И тогда наступила тишина, такая, что Хагер готов был побежать к Форсту и умолять его: «Продолжай, Вальтер, ты не так меня понял!»
Но Форст молчал. Иногда только слышалось, как позвякивали фаустпатроны, как плескалась вода в реке, — и больше ни звука.
Хорбер посмотрел на башенные часы. Четверть третьего. Теперь уже недолго. Но с запада больше не доносилось ни артиллерийских залпов, ни шума боя.
Шольтен тихо сказал:
— Впереди еще должны быть наши части, иначе американцы не стреляли бы.
Он задумался и вдруг явственно услышал какой-то шум. Мотор! Шум мотора! Звук приближался, усиливался, его услыхали все!
— Танк! — закричал Шольтен. Но то, что обогнуло угол и выползло на улицу, — великолепная цель для пулеметов, фаустпатронов Вальтера и самозарядной винтовки Юргена Борхарта, — оказалось потрепанным немецким грузовиком, облепленным со всех сторон солдатами.

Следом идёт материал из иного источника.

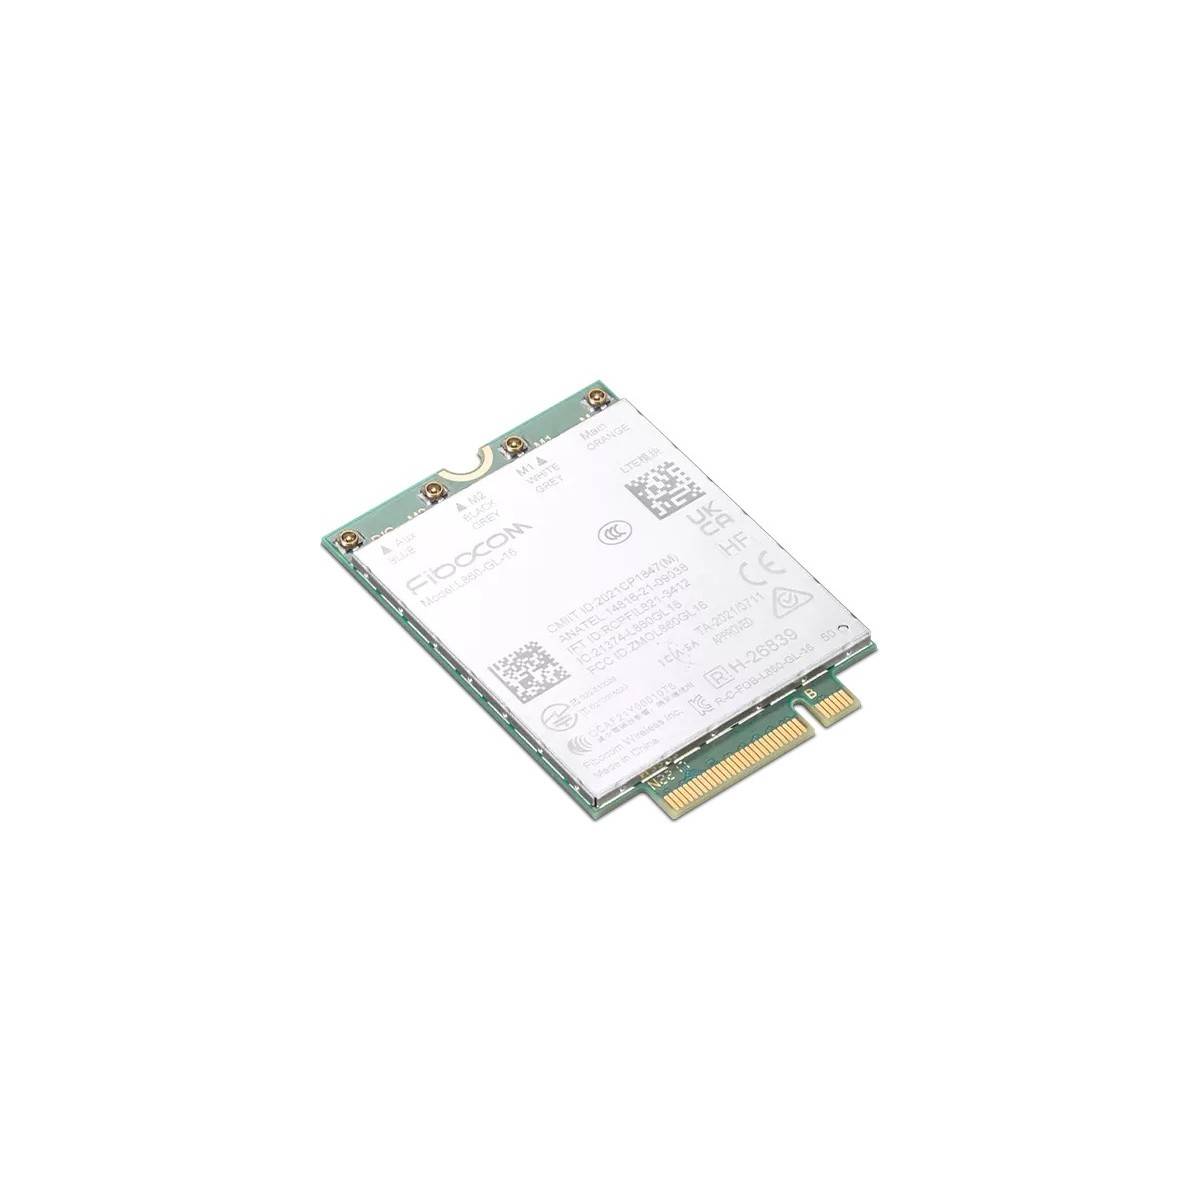 Lenovo ThinkPad Fibocom L860-GL-16 CAT16 4G LTE WWAN Module for T14

Грузовик, дребезжа, въехал на мост, замедлил ход и остановился. Шофер крикнул мальчикам:
— Будете взрывать?
— Нет, надо удержать! — ответил Шольтен.
— Какого черта! — выругался шофер. — Надо поскорее сматываться отсюда, а то как бы нас не приняли за подкрепление.
Он дал газ и хотел рвануться вперед. Но Шольтен бежал рядом с этим старым рыдваном и кричал:
— Американцы далеко? А наши там еще есть?
— Нет, — крикнули ему из кузова, — больше никого! Мы последние. И нас бы прихлопнули, не попадись нам эта телега. Остальные переходят реку выше по течению, в двух километрах отсюда. Но американцы не торопятся.
Солдаты в машине кричали еще что-то, но Шольтен уже не мог ничего разобрать. Он побежал что есть мочи, но не смог их догнать и махнул рукой.
Медленно, не в силах перевести дух, возвращался он на мост. Широко разводя руками, он глубоко дышал, как учили его на уроках гимнастики. Дыхание стало ровнее. А вот и пулемет. Он бросился к нему и сказал Мутцу:
— Теперь начнется, Альберт. Это были последние. Правда, говорят, что американцы не торопятся.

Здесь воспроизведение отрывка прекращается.